Lt. Alex Cornell du Houx, President, US Navy Reserve

“I heard about Fatema when a reporter, friend of mine, called me up and said, ‘Hey, we have a journalist stuck in Afghanistan.’ And I had already been thinking of ways how do we get people out of Afghanistan. Because another friend of mine, Jessica Serafin, she and I would run with Afghan women athletes for their protection when we were deployed out there with the Navy. And sadly, the Taliban went to one of the athlete’s houses, beat them up, took their running sneakers and then graffitied their house. And so we were thinking how do we extract and protect our Afghan allies?”

Iryna Andrukh

“I got a call from a man I met in 2019, we trained together at a NATO school in Germany. He said I have a friend stuck in Afghanistan, a reporter, she can’t get out, she worked for USA Today, and she’s in great danger. I said, ‘Well, drop me the girl’s passport details, ask for her phone number. I’ll think about how we can help,’ because I knew that Ukraine was already arranging an evacuation flight.

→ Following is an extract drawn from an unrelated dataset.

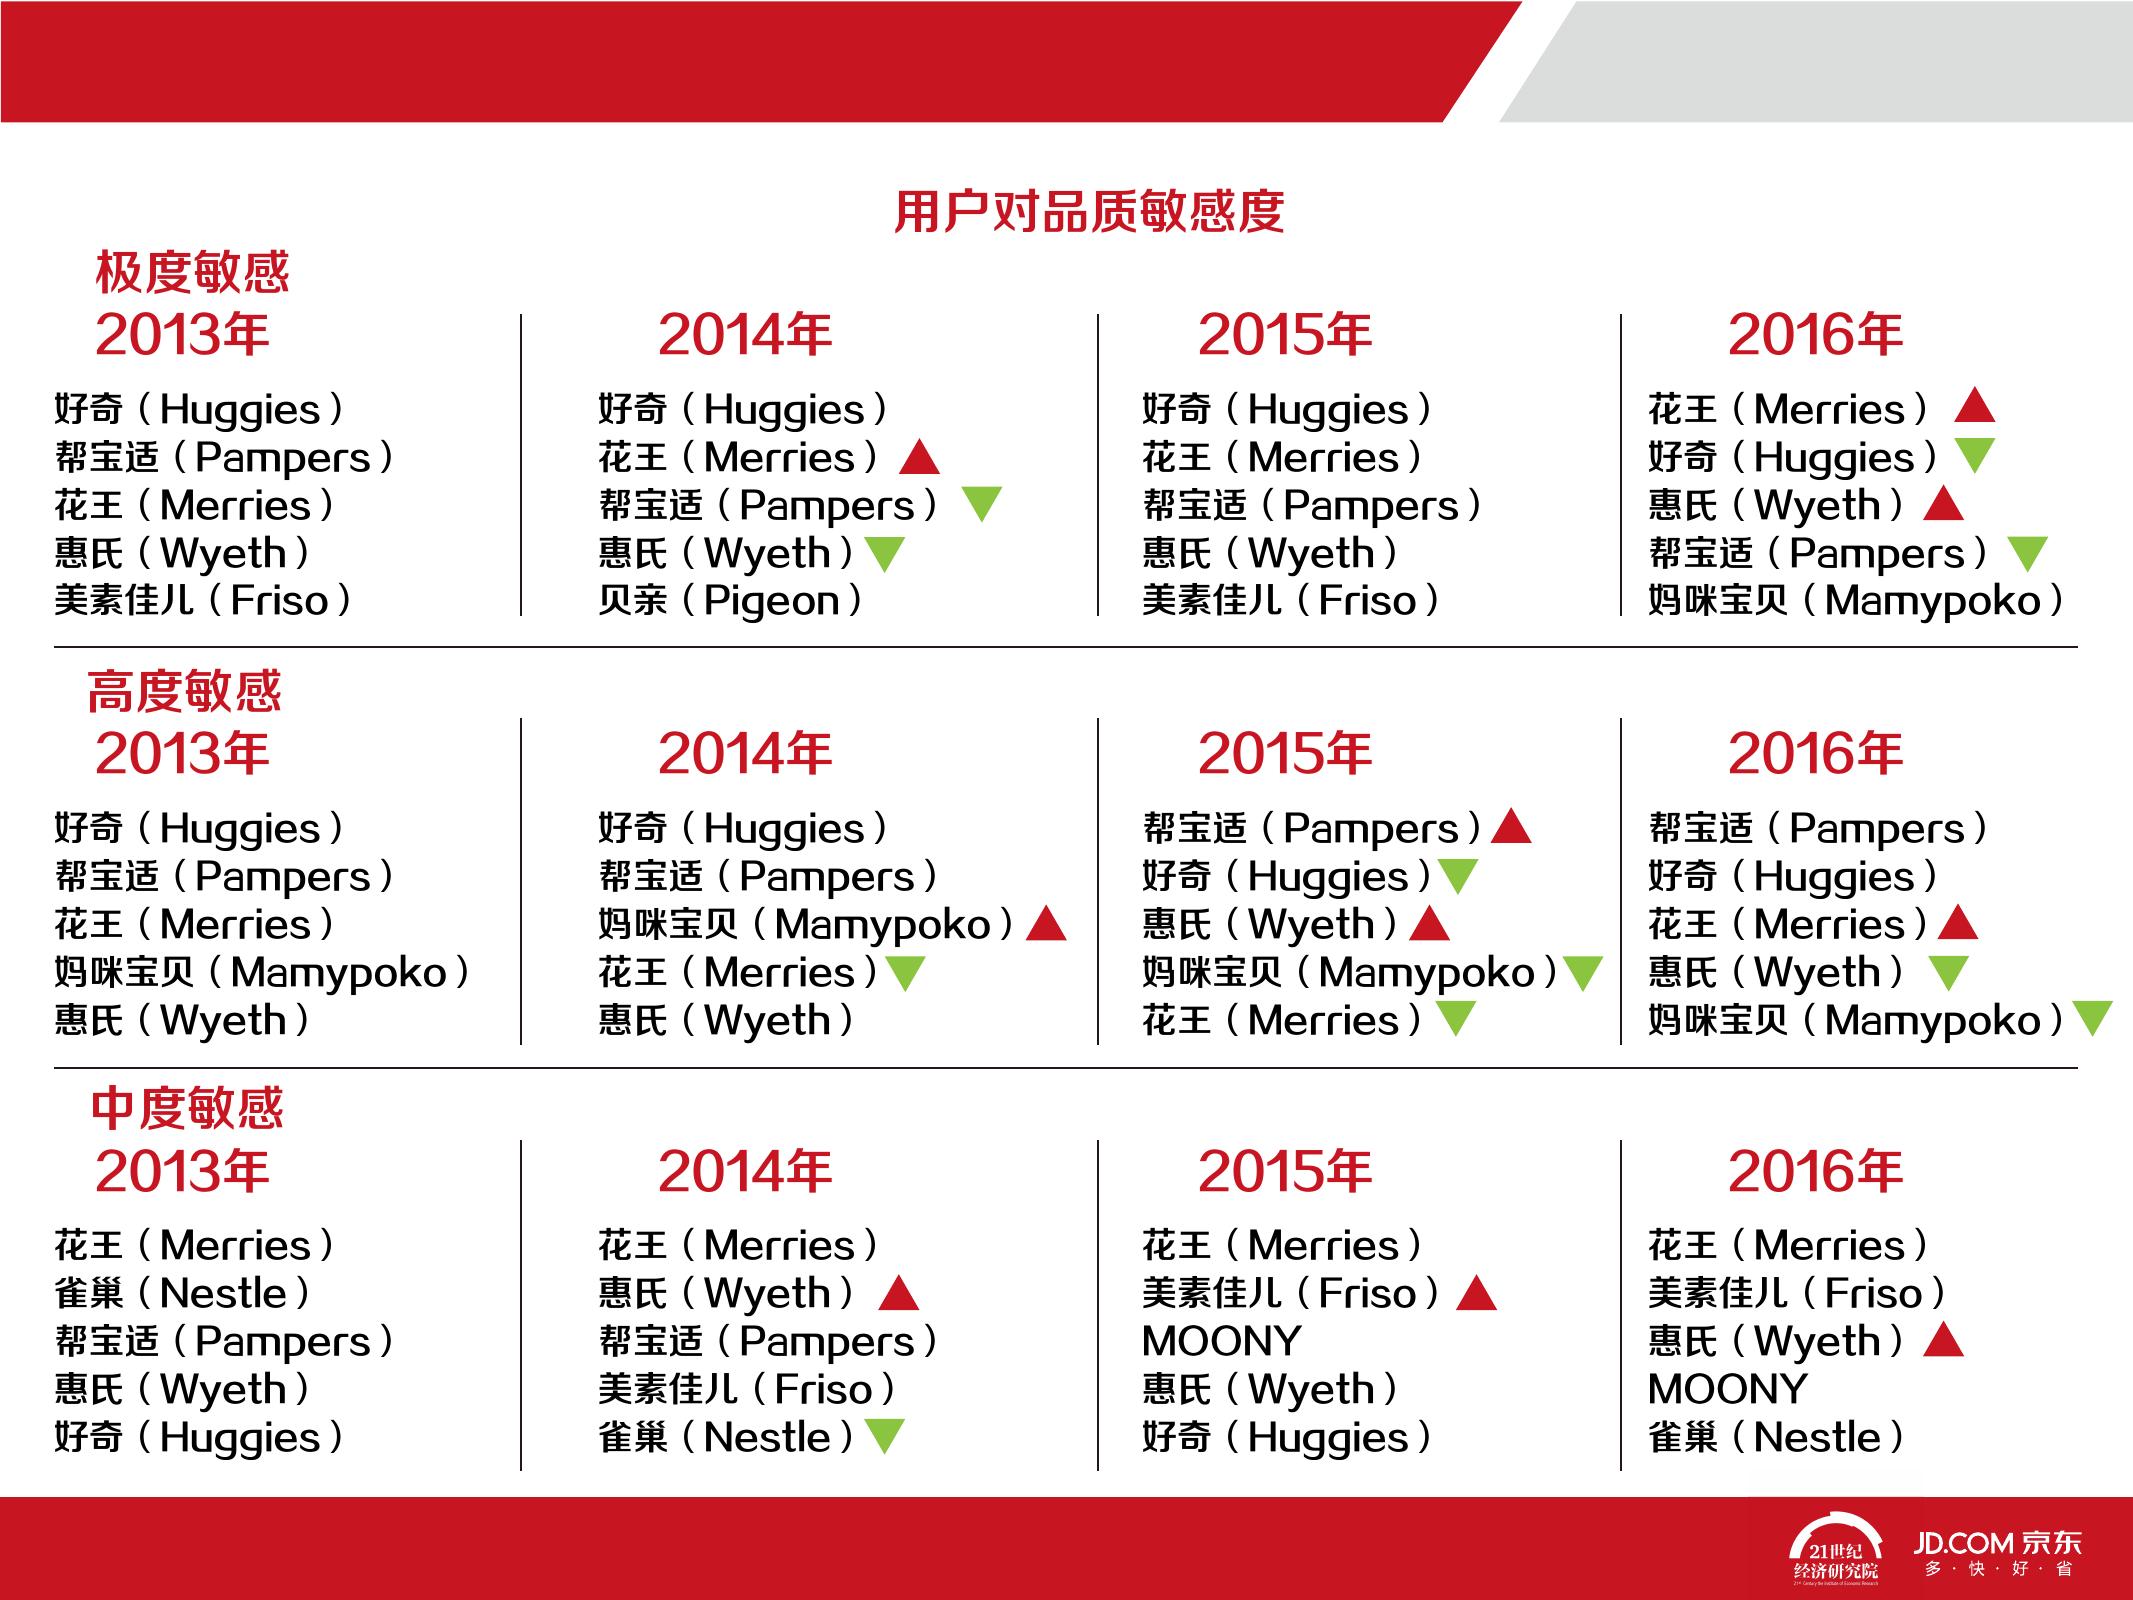 2016中国母婴产品消费趋势报告_000056

“There are so many wonderful, terrific, kind and helpful people in my life. One of them is General Kirill Budanov. In the same way, I sent him all the data… And I started talking to Fatema. I wrote: ‘My name is Irуna, I want to help you evacuate from Afghanistan, just follow the instructions I’ll give you.’ ”

Fatema Hosseini

“Ok. Should I go to Ukraine? Like, where is Ukraine? I knew it was somewhere in Europe. But I did not know where. And one of the Ukrainian army, he called me saying that I should get to the airport at 5:30 a.m. in the morning, and he told me I had only three hours.”

Lt. Alex Cornell du Houx

“So, we prepped Fatema ahead of time to make sure that she was hiding the documents in the appropriate places, making sure she had multiple cell phones, ensuring that there was a male driver with her to as far as we could get, right?”

Fatema Hosseini

“I was having my mom’s hijab, my backpack, and I had like three layers of clothes, and the weather was so hot! I kept sweating, and I forgot to take a water bottle with me.”

Iryna Andrukh

“She woke me up at three in the morning, I think, because she was already leaving. We were in touch the whole time, I mean every move she made, every minute. I had a huge, long correspondence over this whole process. How she was walking, how she was getting in the car, how she was getting out.”

Fatema Hosseini

“My brother and brother-in-law they were carrying my suitcase, and I had to walk quick. I lost them. The place was really crowded. I didn’t know how many gates airport has, but I had that specific gate that the Ukrainian force told me once you reach behind the gate, just text me, I’m going to come out and get you. I was like “okay.” I passed the first checkpoint, and the Taliban who was, like, controlling people, he swore that if I would be going back and he would see me, he would kill me. So, he swore in front of the public. The second checkpoint, so, the one of the Taliban commanders was trying to, like, he ordered people to sit down, and because it was so crowded and I was literally pushing people to get aside so that I could go forward, like I did not know that that commander is having a whip with him. The moment when I pushed the woman aside, he whipped the woman behind me. Her shoulder. The skin was gone, the flesh was visible.”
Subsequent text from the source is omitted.